Example (segments requiring redaction are underlined): “We all know and love John Smith, an accountant at ACME from Las Vegas who joined our community two months ago.”

Main Entries: John Smith, accountant, ACME, Las Vegas.

Main Entries with FlexData

   John Smith





      Business affiliation

   Las Vegas

      Business location

The key to the proposed solution is to ensure that any combination of the metadata elements can be treated as the main entry. That way, the content creator can readily access the context and apply substitution markup as needed.

 In order to successfully support multilayered redaction, the content authoring environment would need to provide support for sub-segmentation as well as automatic in-content MRD entry substitution based on set business rules. The system also would need to support MRD entry query and substitution.

Here is an example based on the John Smith information: After identifying all the sensitive data and creating MRD entries, a master content authoring user (a source language speaker with full data access rights) defines user types based on data access levels.

USER1 access: Original segment.

USER2 access: Name, business role, employer.

USER3 access: None.

Based on the data access rights configured for each user, the system would substitute the data elements with the appropriate FlexData values and give each user access to the content as follows:

USER1: “We all know and love John Smith, an accountant at ACME from Las Vegas who joined our community two months ago.”

USER2: “We all know and love John Smith, an accountant at ACME from {Business Location} who joined our community two months ago.”

USER3: “We all know and love {Name}, an {Business Role} at {Employer} from {Business Location} who joined our community two months ago.”

As can be seen above, regardless of the level of access, all three user types would be able to work with the content without missing the benefit of context.

When the content is ready for translation, it could be exported as an original document with redaction markup (tags) or as a tagged/marked-up interchange format (XML) with or without the MRD export as discussed above.
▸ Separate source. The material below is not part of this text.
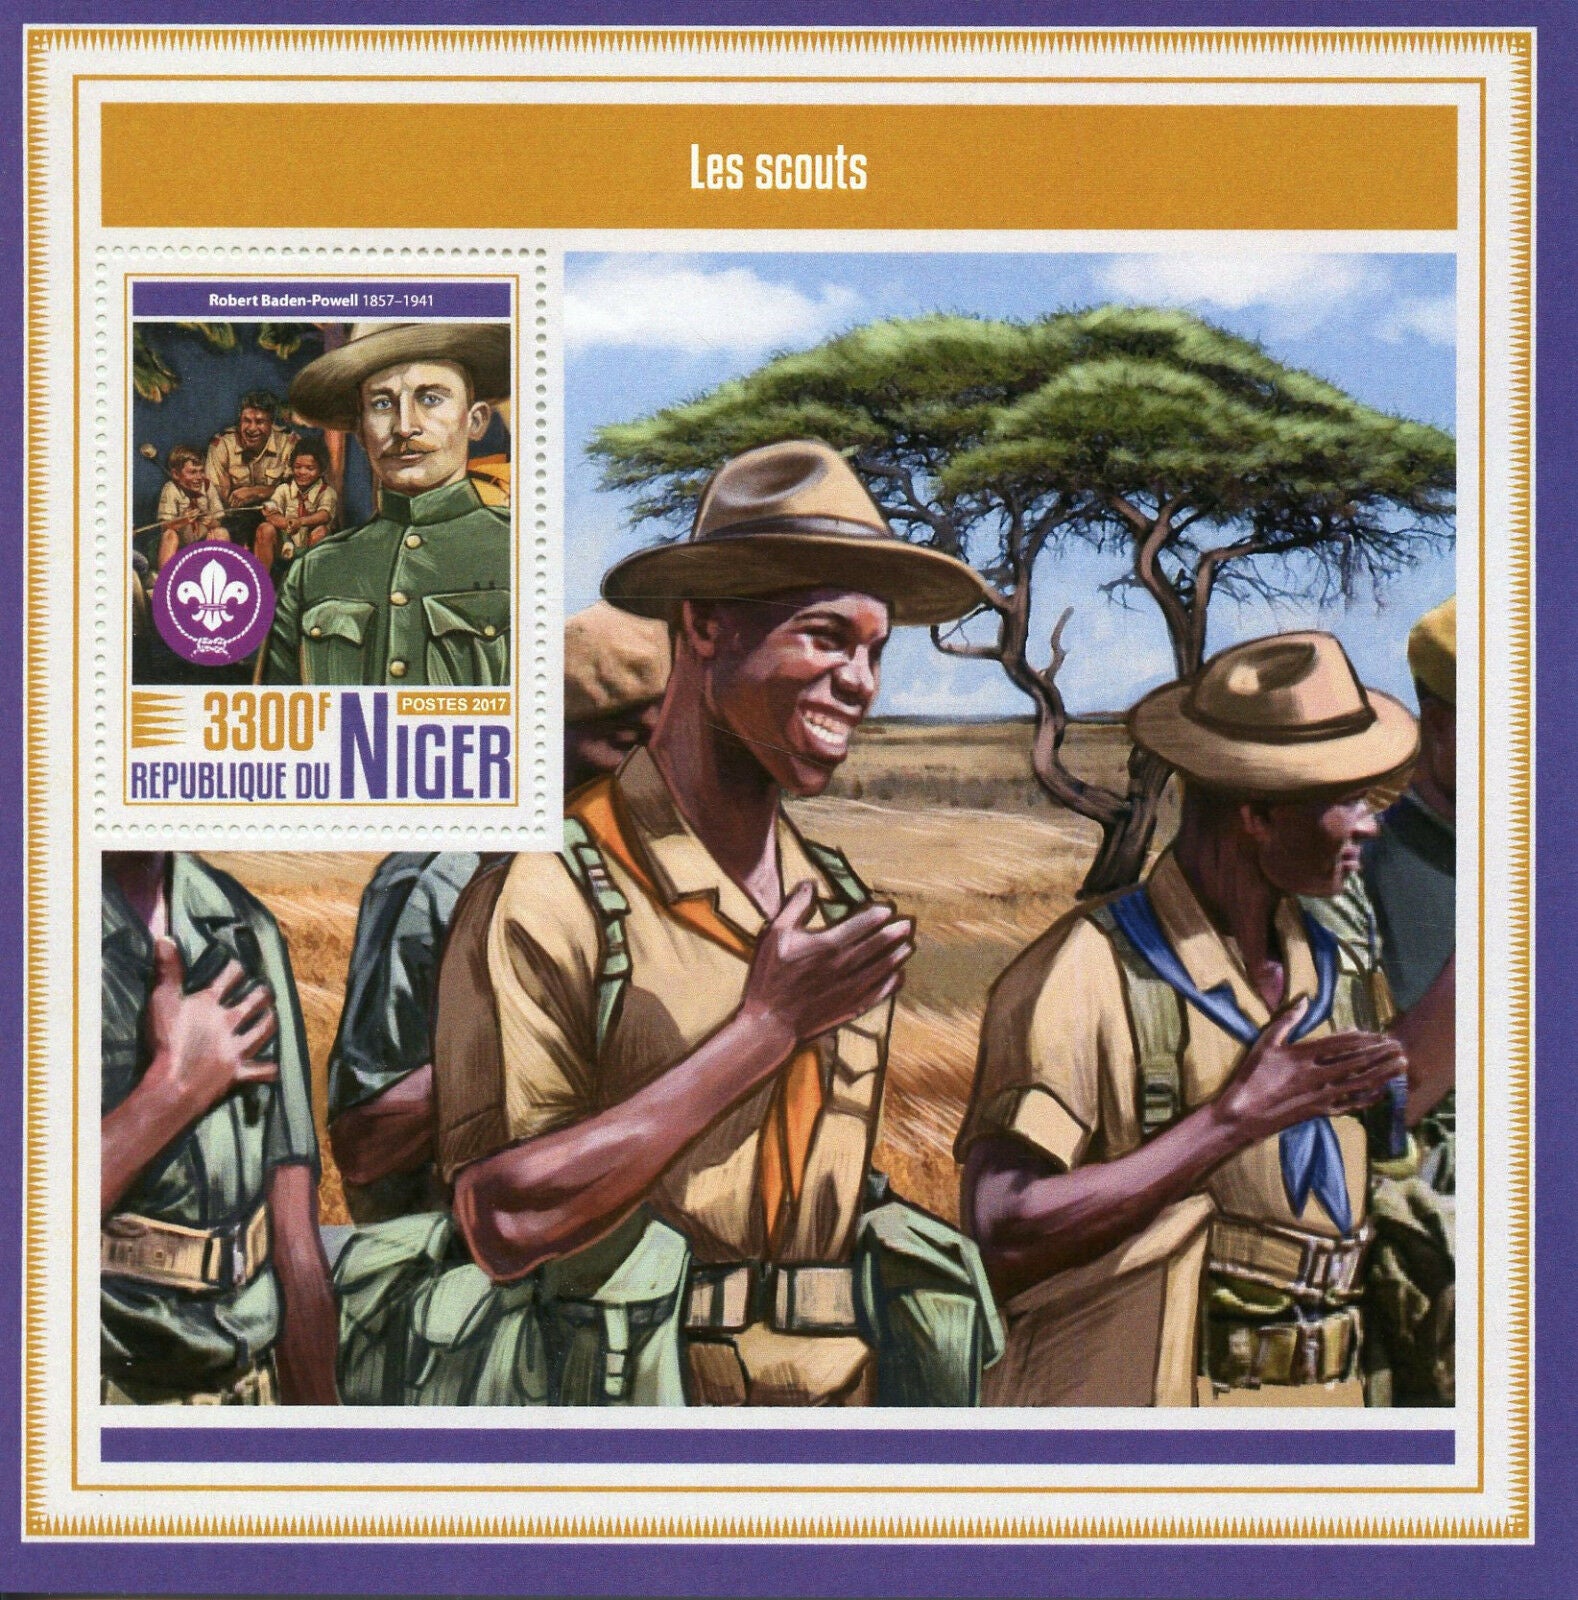 Niger 2017 MNH Boy Girl Scouts Scouting Robert Baden-Powell 1 S/S Stamps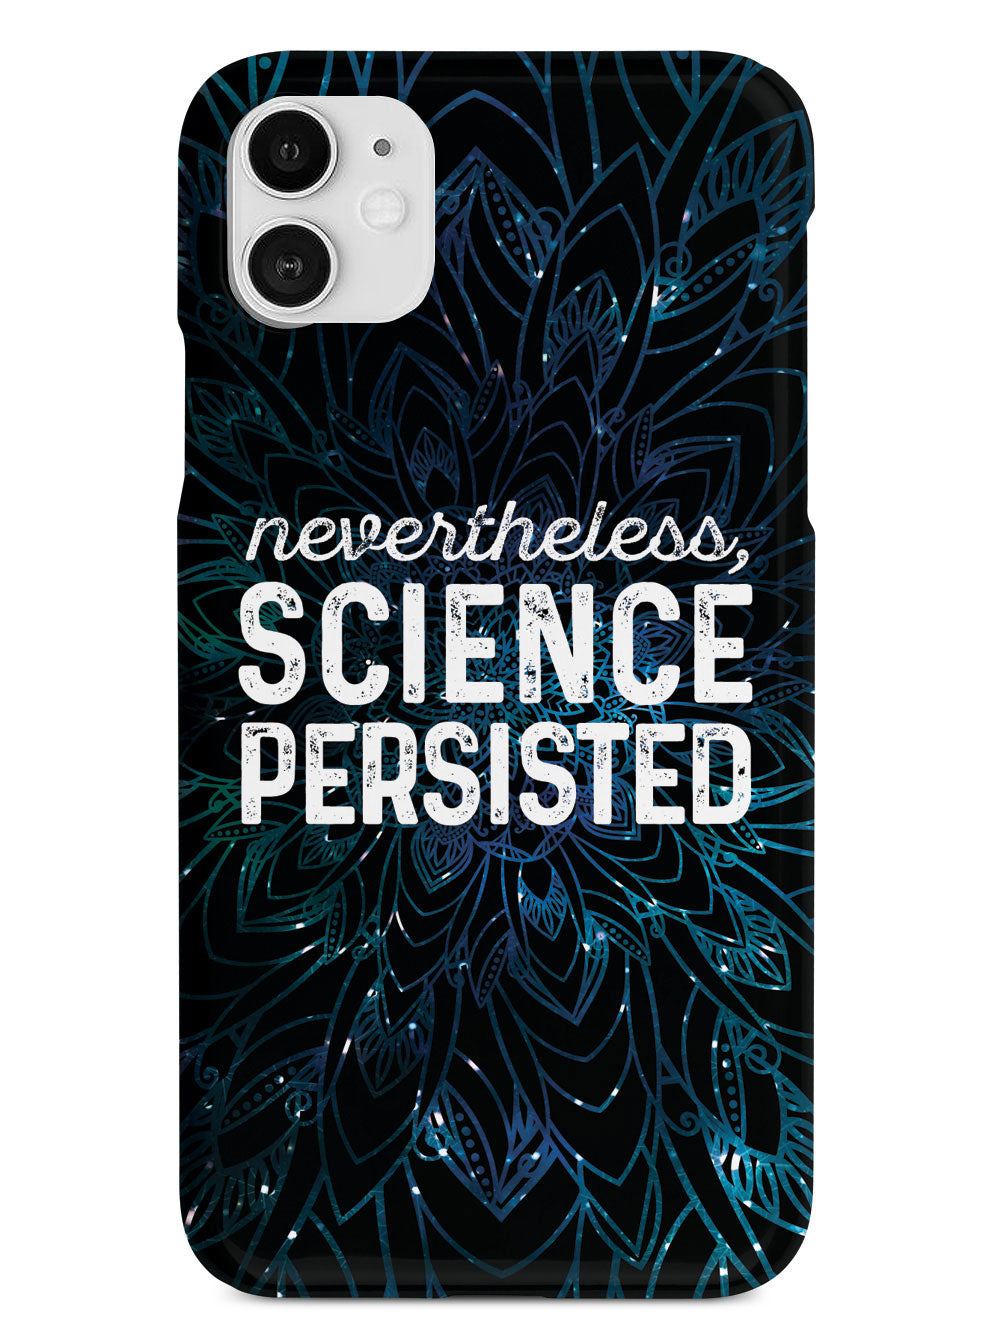 Nevertheless, Science Persisted - Black Case

The MRD export could be translated separately by linguists with a higher level of access (whose time is also usually more expensive) to provide further data security. Since translators would have access to contextual reference (substitutions of the redacted content segments), the overall quality and speed of translation of redacted files should improve considerably. The resulting translations of redacted content and standalone MRD entries could be readily combined and used in the content authoring environment to create target-language content that maintains multiple levels of data access (see Figure 2).

In principle, redacted/marked-up content and MRD entries could be translated using existing CAT technologies with slight customization of parsing filters. However, in order to achieve the full benefits of the proposed MRD approach, CAT technology must be further developed to support MRD. The requirements would be a hybrid of TM and termbase functionality support (see Figure 3). In addition to existing CAT technology, the solution would require:

-CAT Connector/Application Program Interface (API) to MRD with the ability to access and edit source- and target-language entries.

-Substitution of MRD tags with the original content after pretranslation for better contextual reference (based on each user’s access rights).

-Markup of translated redacted elements in the target-language segments and populating target-language MRD entries.

-Generation of TMs with redacted original content replaced by MRD markup.

TMs produced from CAT environments utilizing this approach would address the community’s data security concerns and provide leverage to justify Big Data integration.

Further discussion of this concept may identify additional benefits that could be achieved by standardizing MRD entry structure, including substitution mark-up. The localization community will need to band together to create this technology and ride the Big Data wave.